WORK INSTRUCTION: The listing that follows must be retyped exactly, without its pictures.

(INFORMATION SHOWN begins)

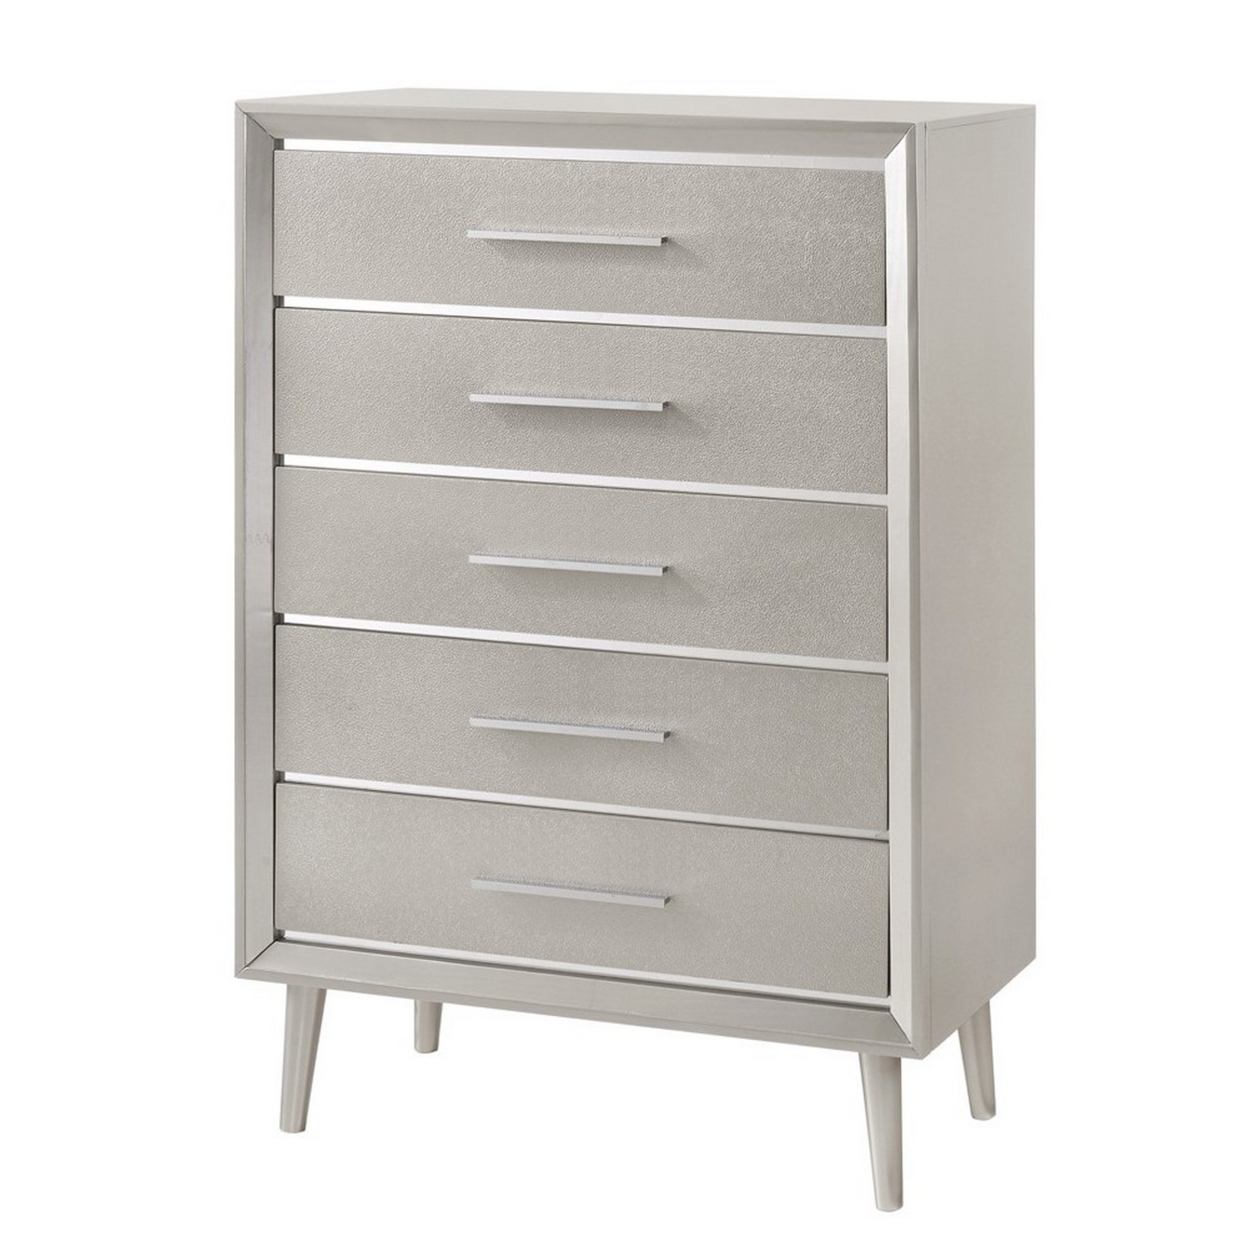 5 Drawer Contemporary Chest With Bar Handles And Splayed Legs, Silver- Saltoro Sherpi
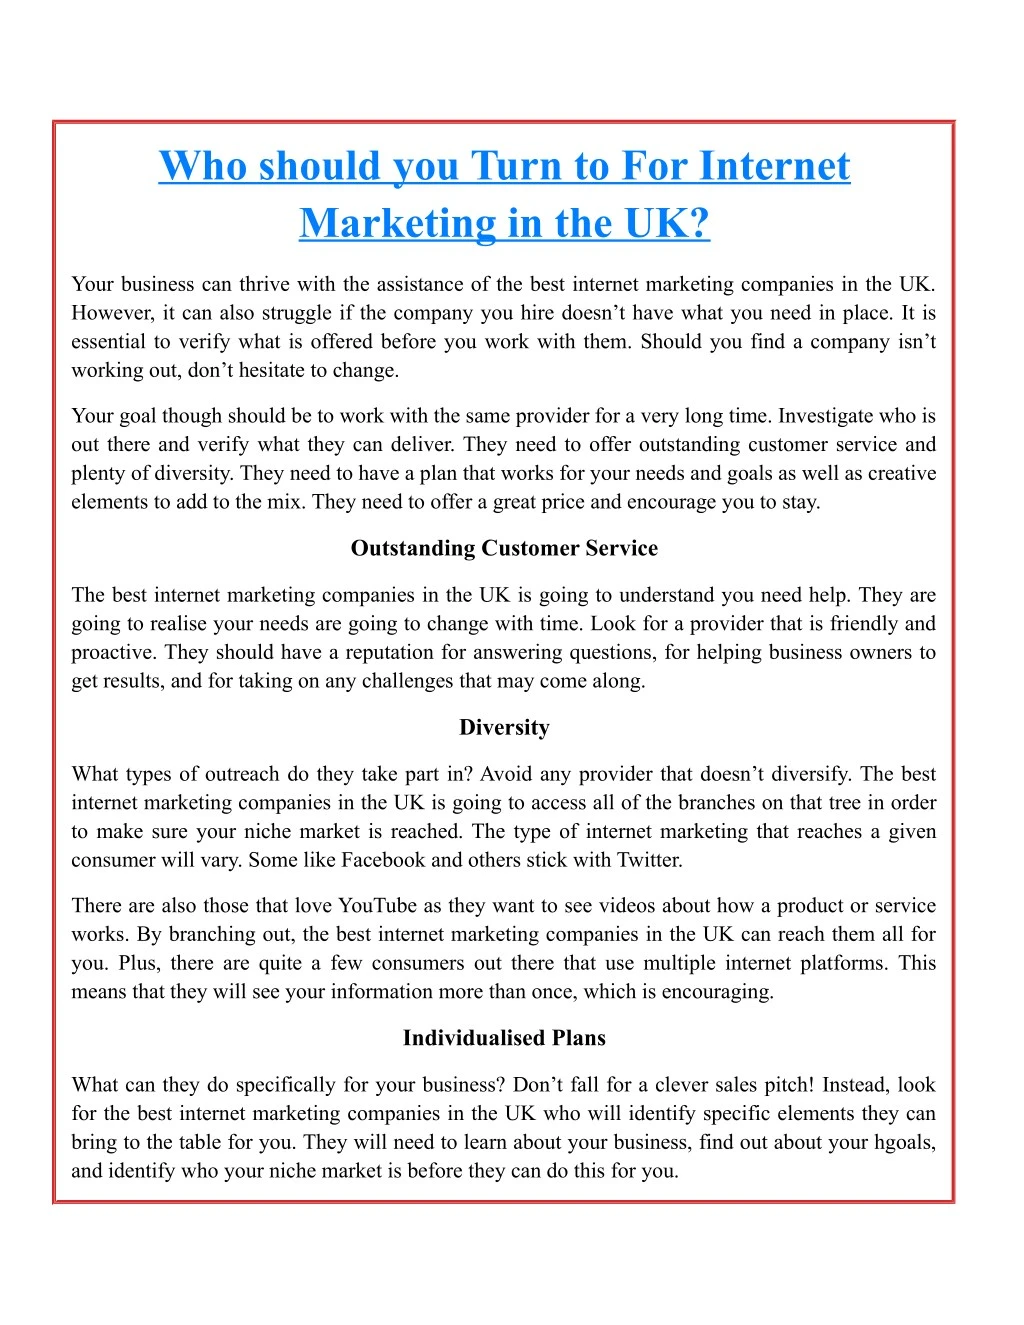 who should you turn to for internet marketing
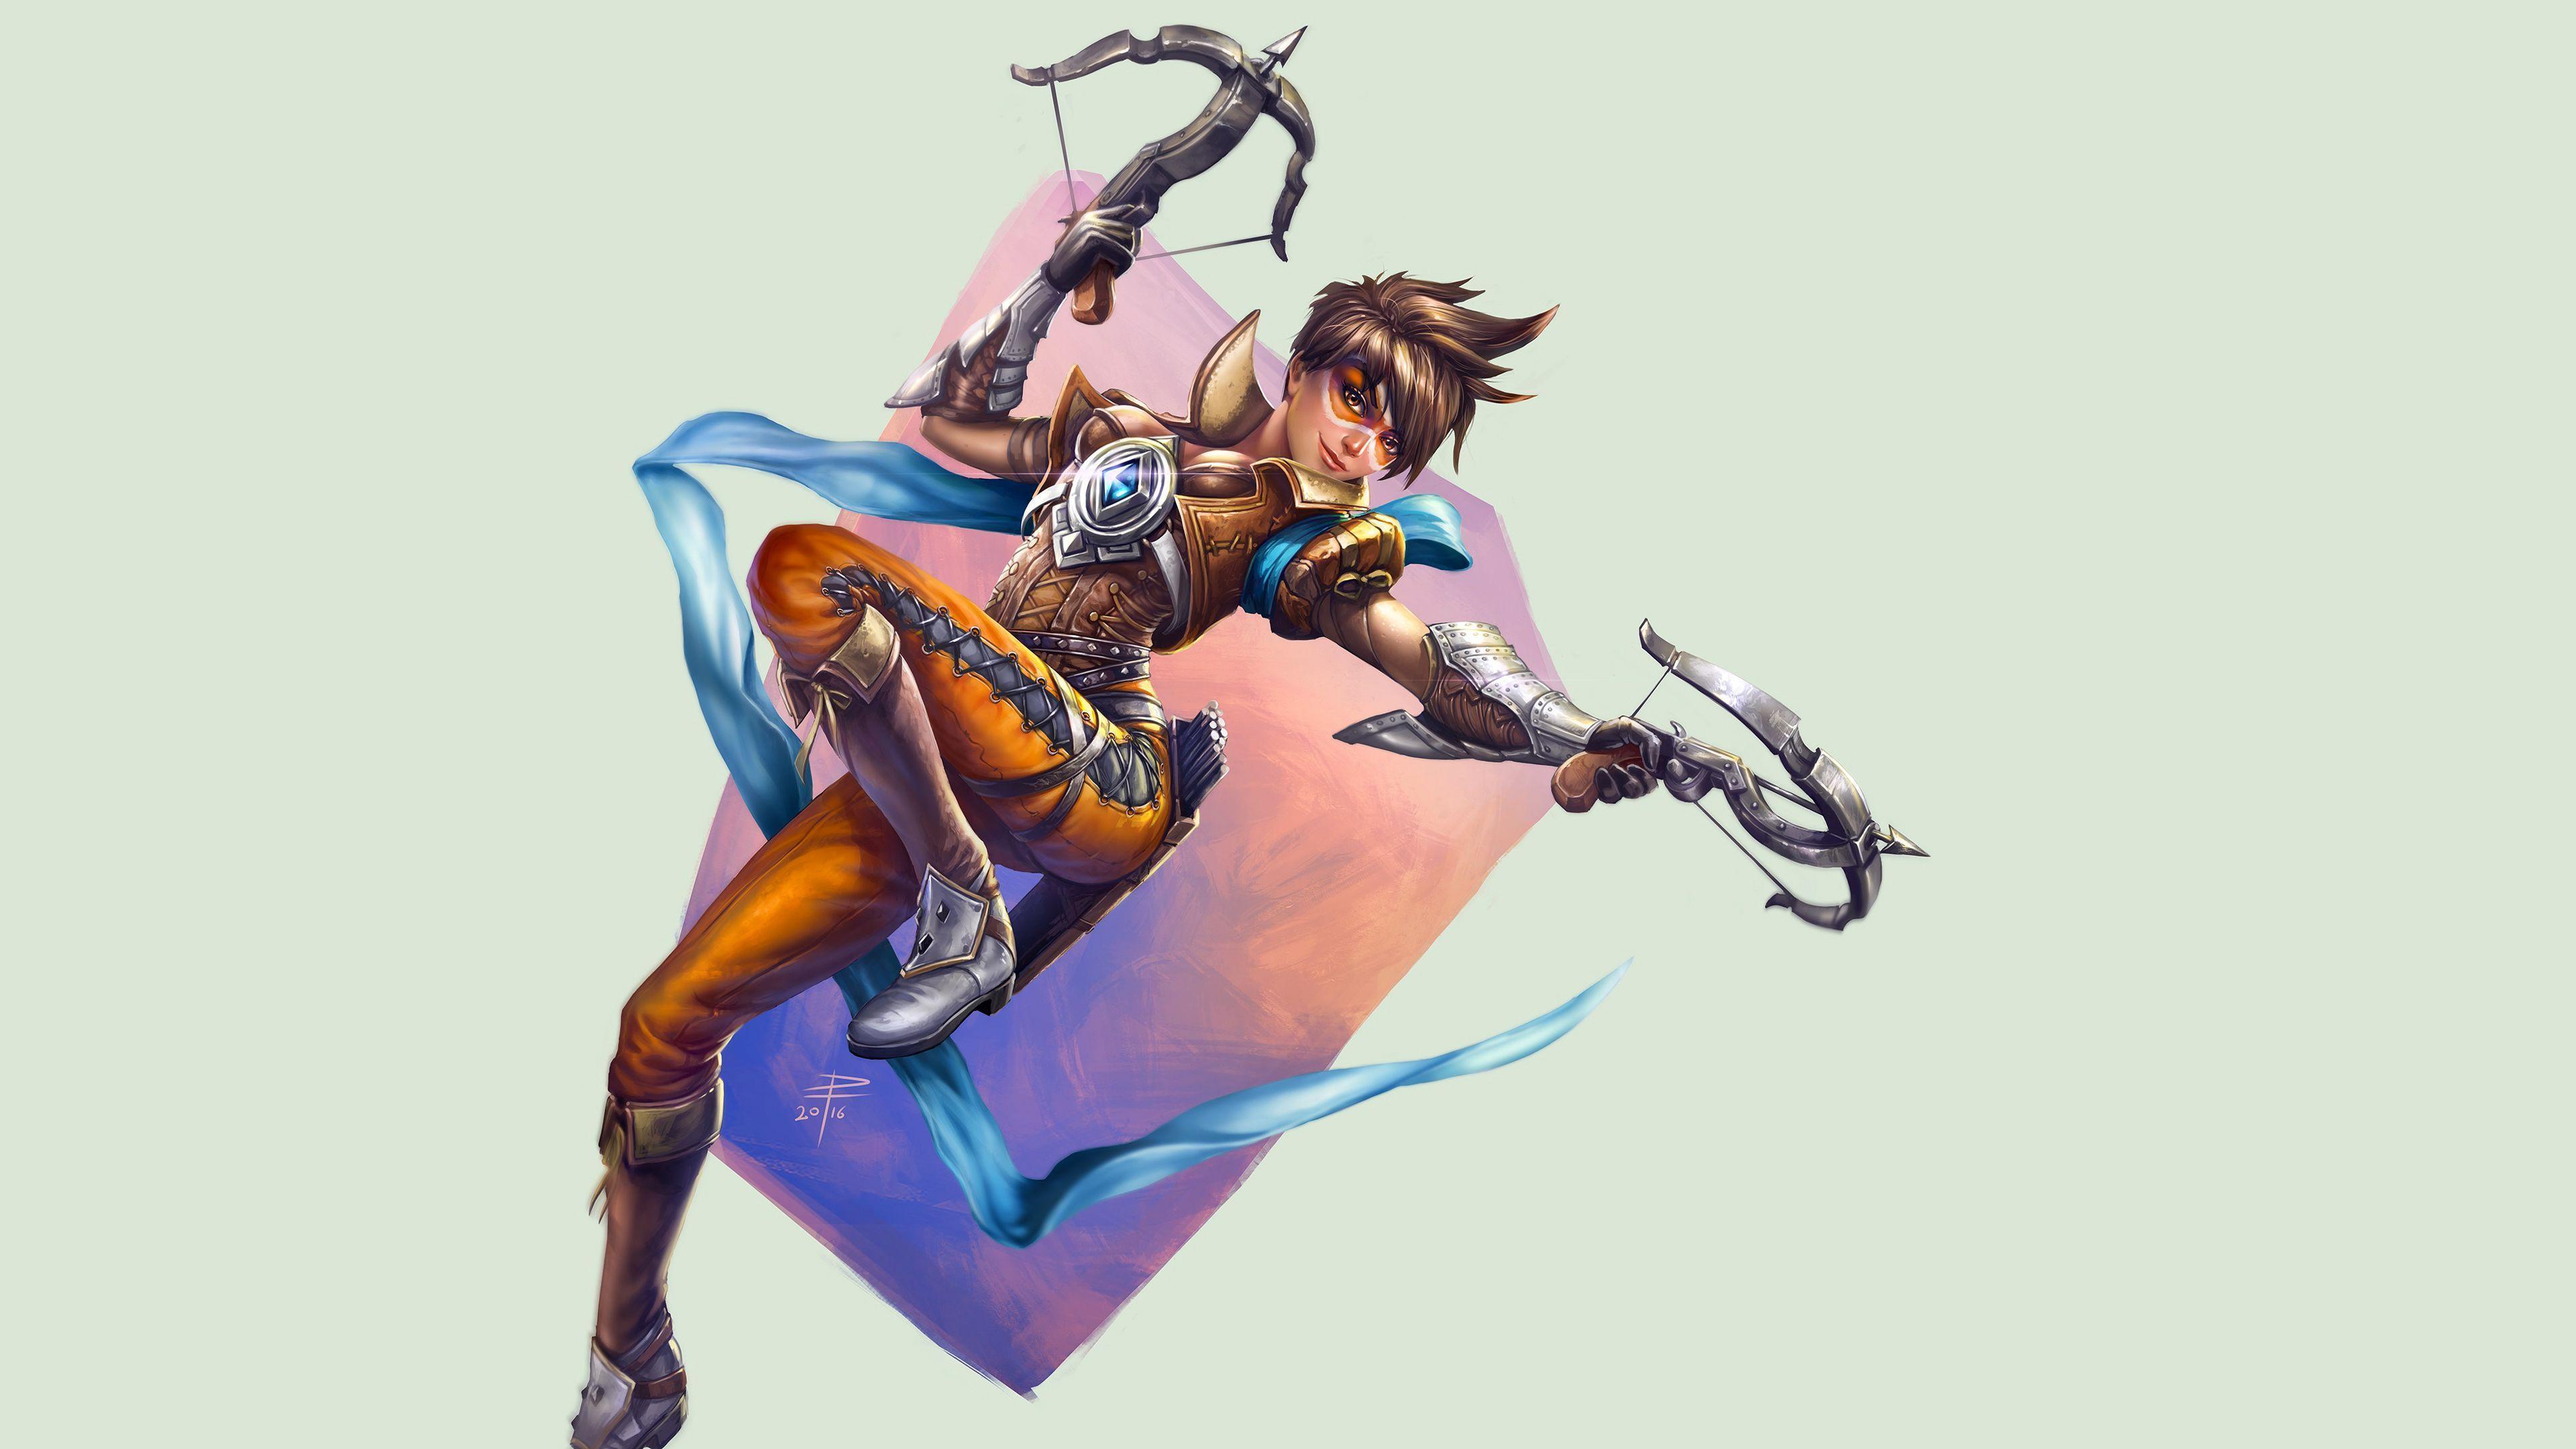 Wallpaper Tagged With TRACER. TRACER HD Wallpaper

(INFORMATION SHOWN ends)

TASK ANSWER:
 5 Drawer Contemporary Chest With Bar Handles And Splayed Legs, Silver- Saltoro Sherpi
 who should you turn to for internet marketing
 Wallpaper Tagged With TRACER. TRACER HD Wallpaper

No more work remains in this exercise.